Calculating the energies of molecules and condensed-phase structures is fundamental to predicting the behavior of matter at the atomic scale and a formidable challenge. Reliably assessing the relative stability of different compounds, and of different phases of the same material, requires the evaluation of the energy of a given three-dimensional (3D) assembly of atoms with an accuracy comparable with the thermal energy (~0.5 kcal/mol at room temperature), which is a small fraction of the energy of a chemical bond (up to ~230 kcal/mol for the N2 molecule).

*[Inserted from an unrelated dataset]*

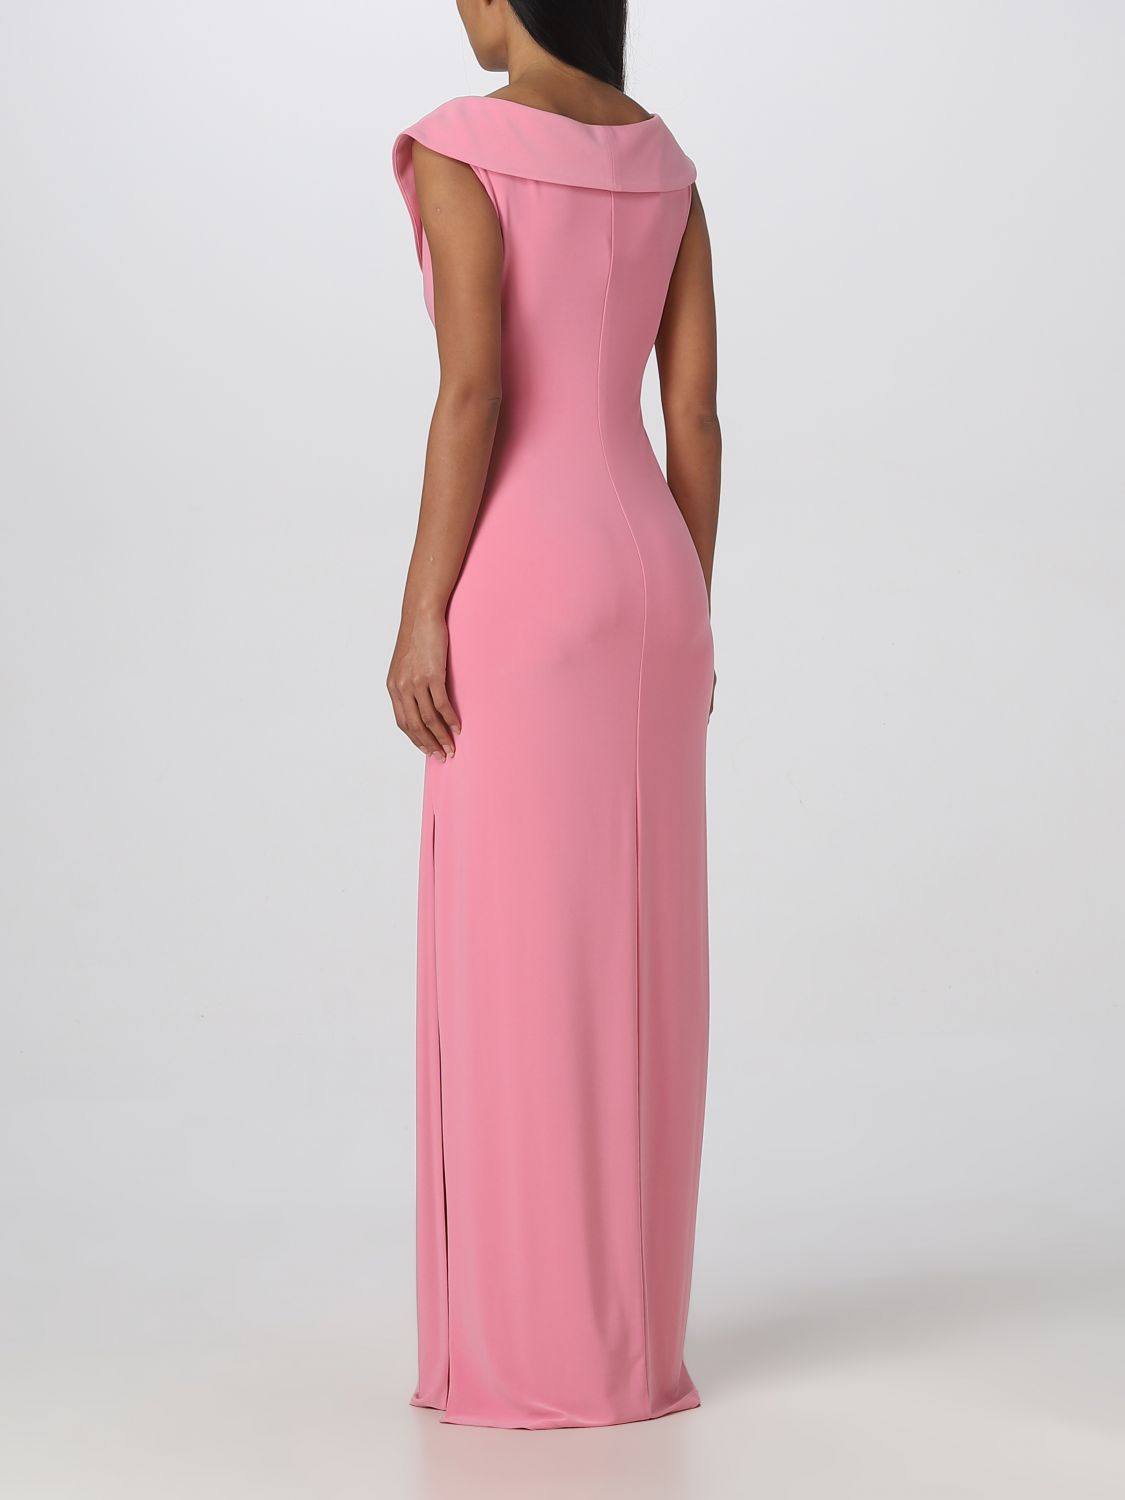 LAUREN RALPH LAUREN: dress for woman - Pink | Lauren Ralph Lauren dress  253863940 online on 
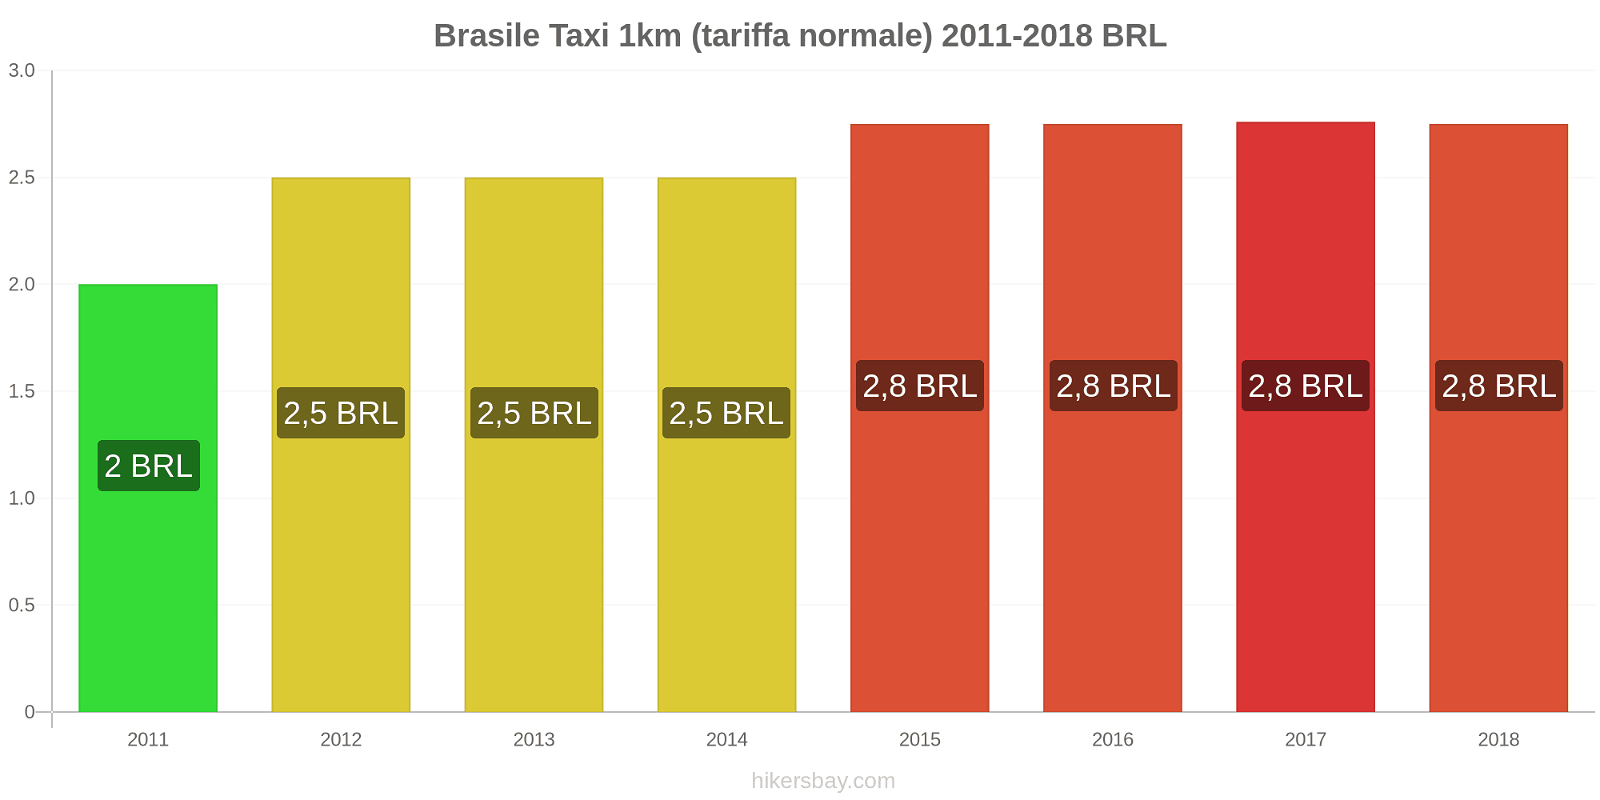 Brasile cambi di prezzo Taxi 1km (tariffa normale) hikersbay.com

Quantum mechanics is a universal framework that can deliver this level of accuracy. By solving the Schrödinger equation, the electronic structure of materials and molecules can, in principle, be computed, and from it all ground-state properties and excitations follow. The prohibitive computational cost of exact solutions at the level of electronic structure theory leads to the development of many approximate techniques that address different classes of systems. Coupled-cluster (CC) theory (1) for molecules and density functional theory (DFT) (24) for the condensed phase have been particularly successful and can typically deliver the levels of accuracy required to address a plethora of important scientific questions. The computational cost of these electronic structure models is nevertheless still significant, limiting their routine application in practice to dozens of atoms in the case of CC and hundreds in the case of DFT.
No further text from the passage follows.